"Peindre la vie avec le pinceau des mots."Jean Loup Chiflet
La réflexion de Nancy Huston dont je termine le livre "L'espèce fabulatrice" me poursuit en écoutant le grammairien Jean Loup Chiflet sur France Inter dans la voiture ce matin. Peindre avec des mots, comme d'autres décrivent la réalité avec des couleurs, des reliefs ou des sons, donne de la chair aux concepts, aux sentiments, aux événements d'une existence: l'histoire telle qu'on la raconte devient la réalité, notre réalité.
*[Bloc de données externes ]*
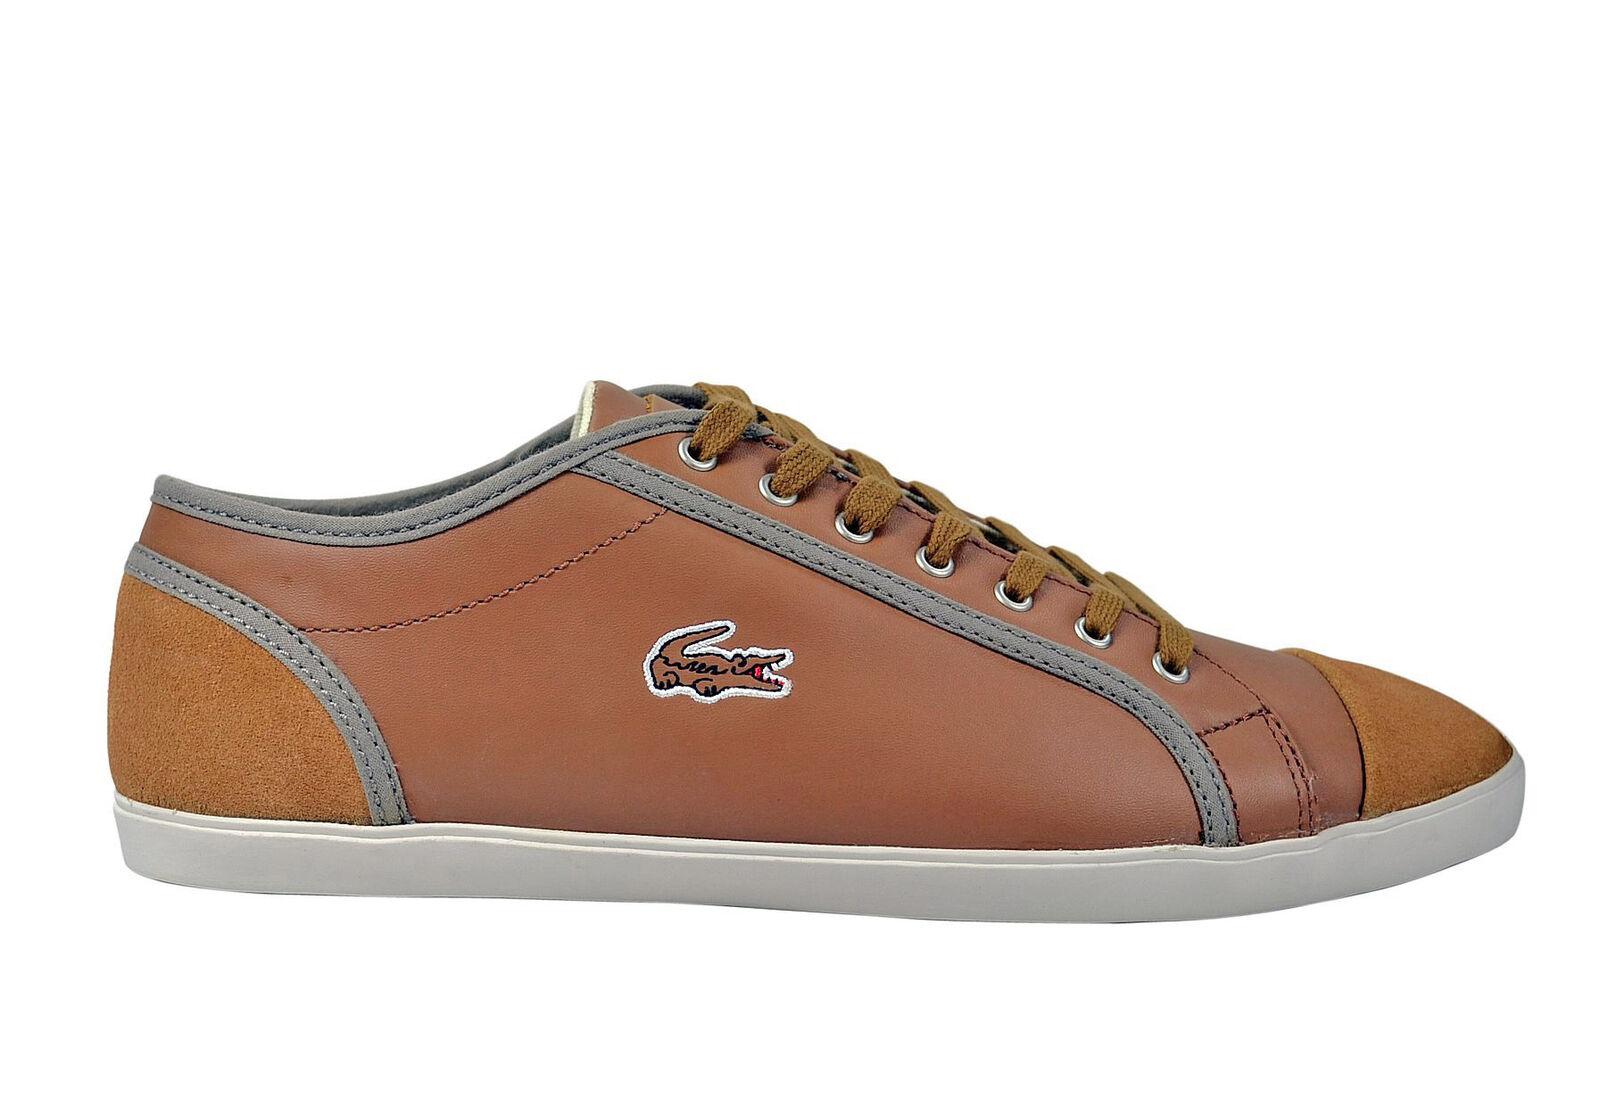 Lacoste Lacoste Lacoste Berber 8 SRM tan LTH beige/braun Zapatos/Sneaker 50e04f
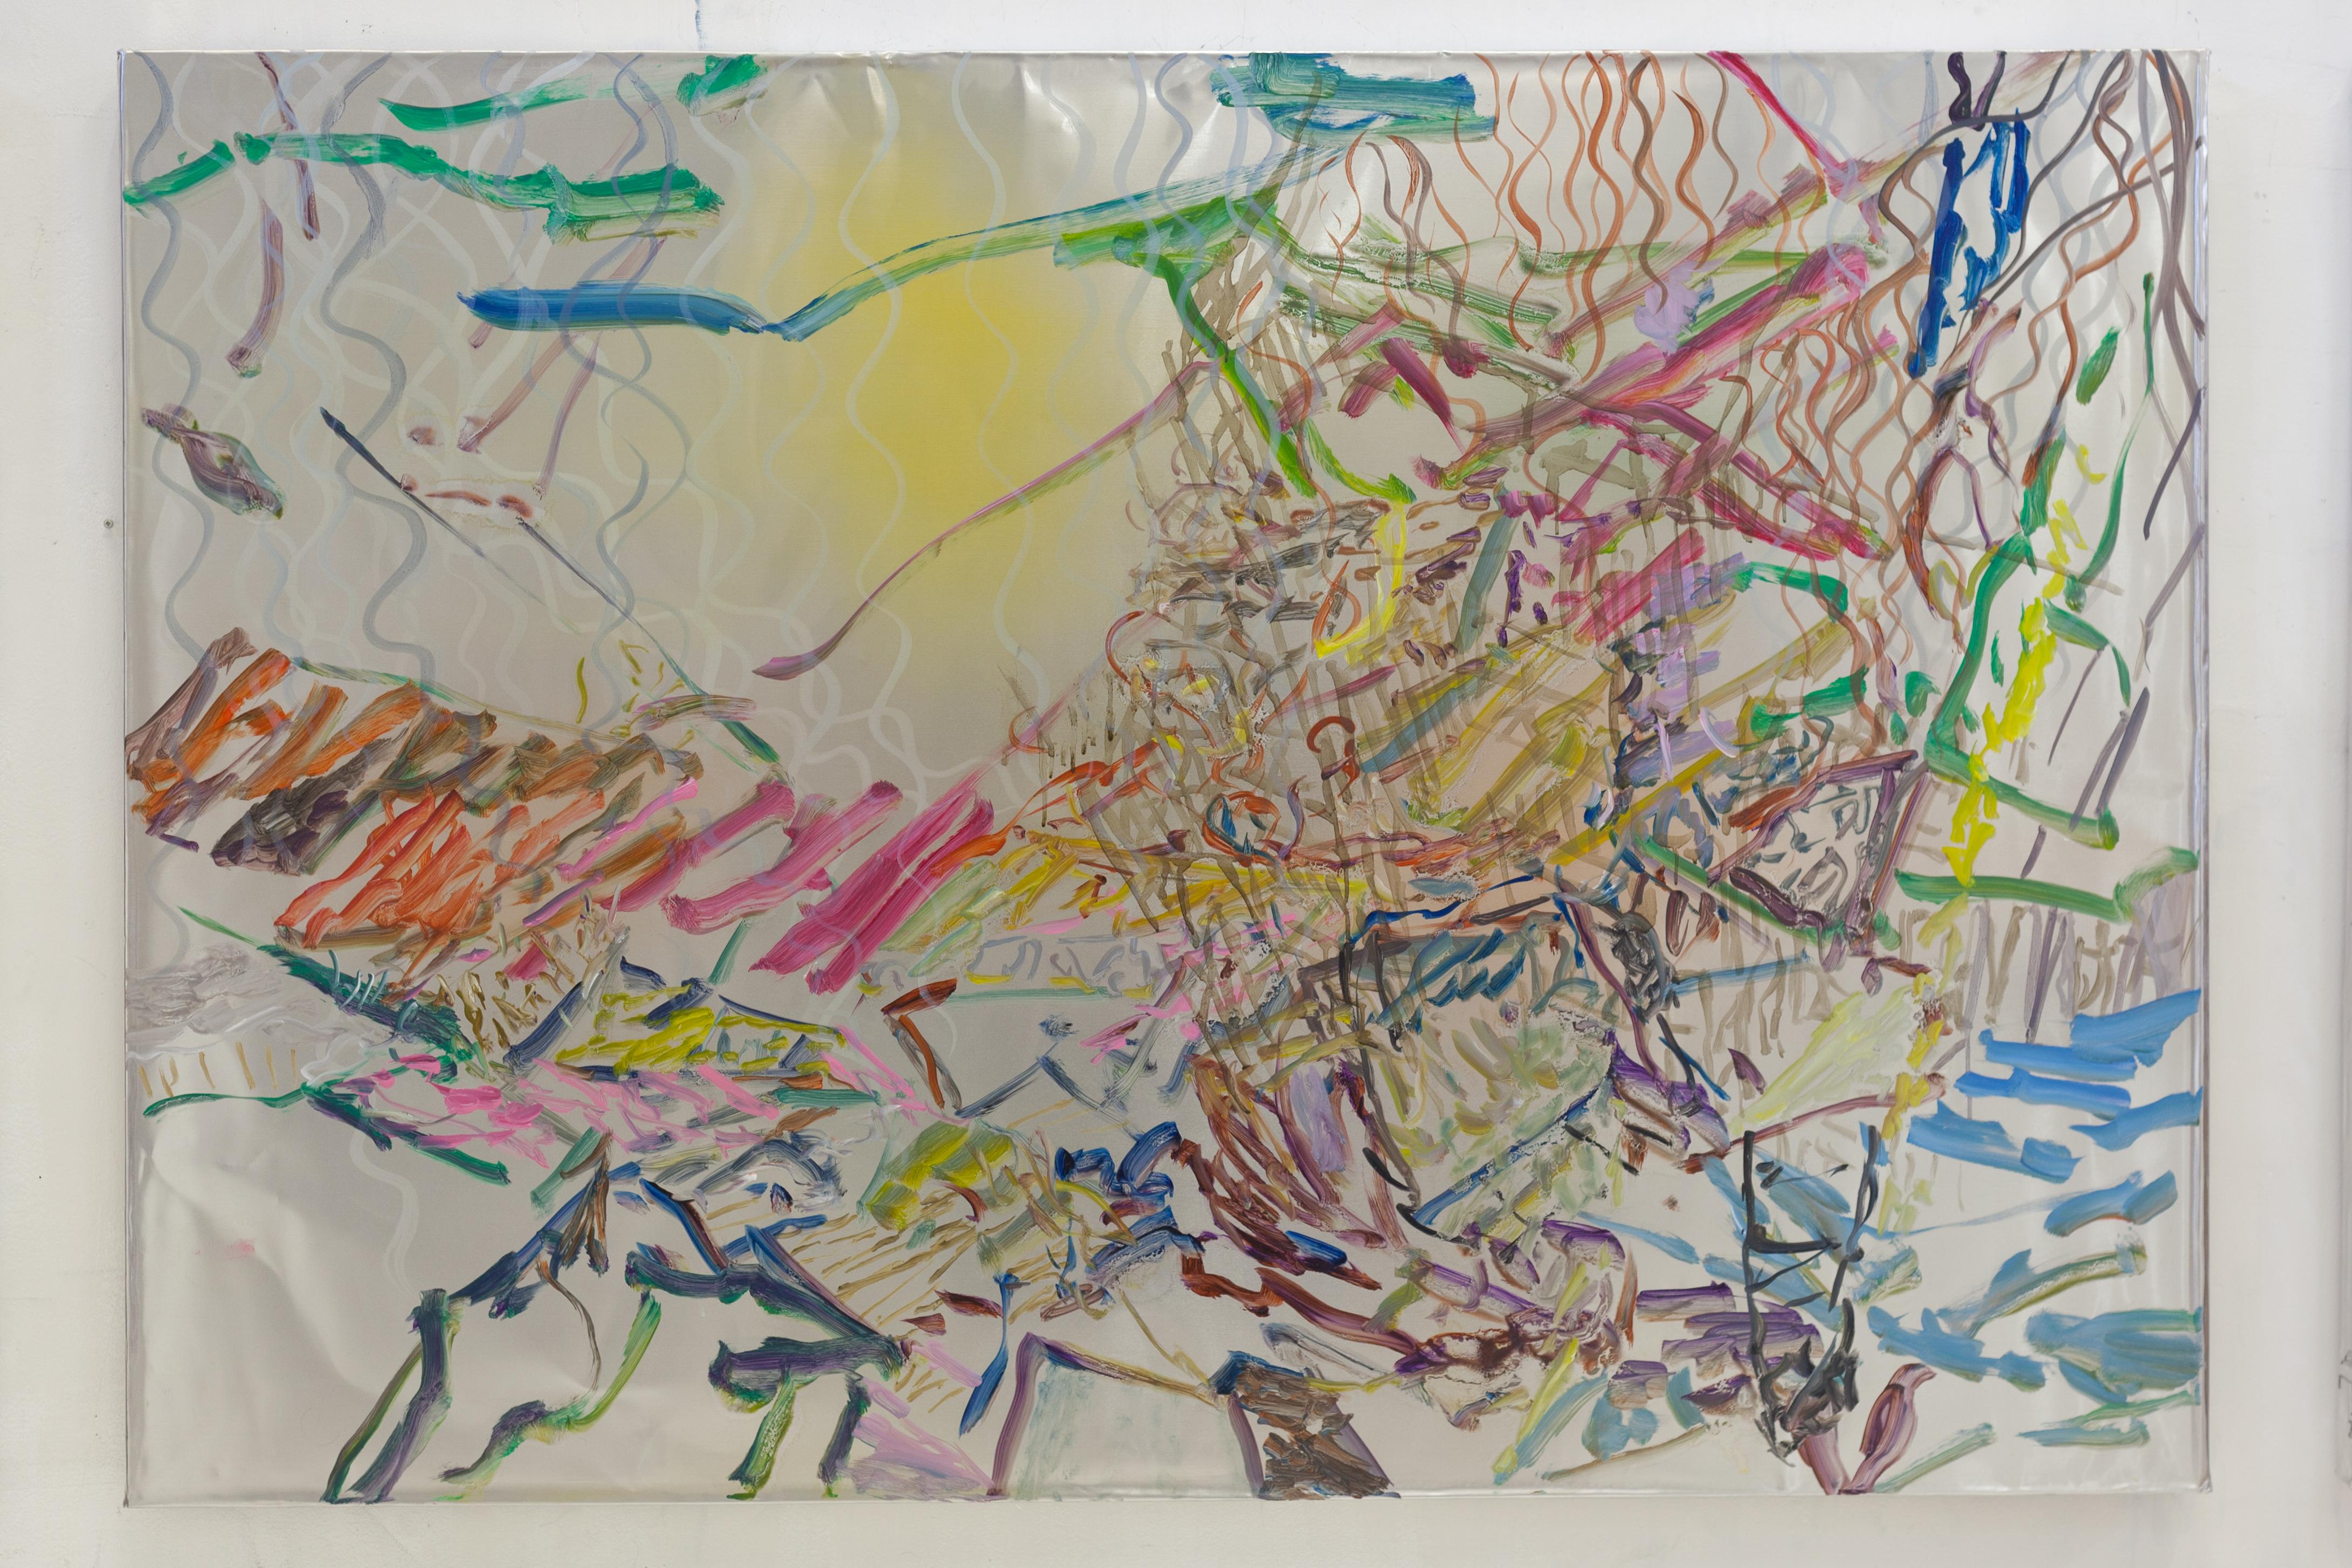 Henrik Eriksson, Utan titel (dhs 07), 2018 Oil on aluminium, 85 x 122 cm

Le Ring est chargé ce weekend, malgré l'heure matinale, et je révise mentalement le contenu de l'atelier que je dois modérer sur le thème "Le CARE dans le monde des soins de santé: un lieu privilégié pour le développement de la liberté ontologique et de la responsabilisation capacitante." L'orateur invité est prolixe, séduisant, érudit possédant une triple formation d'économiste, d'expert en santé publique et de philosophe. Mots, phrases et concepts se bousculent avec brio, fleurs de feu d'artifice qu'il me revient de rassembler en final en termes simples et sur lesquels les participants sont appelés à réagir ("un autre monde existe..." voir Eluard cité hier soir).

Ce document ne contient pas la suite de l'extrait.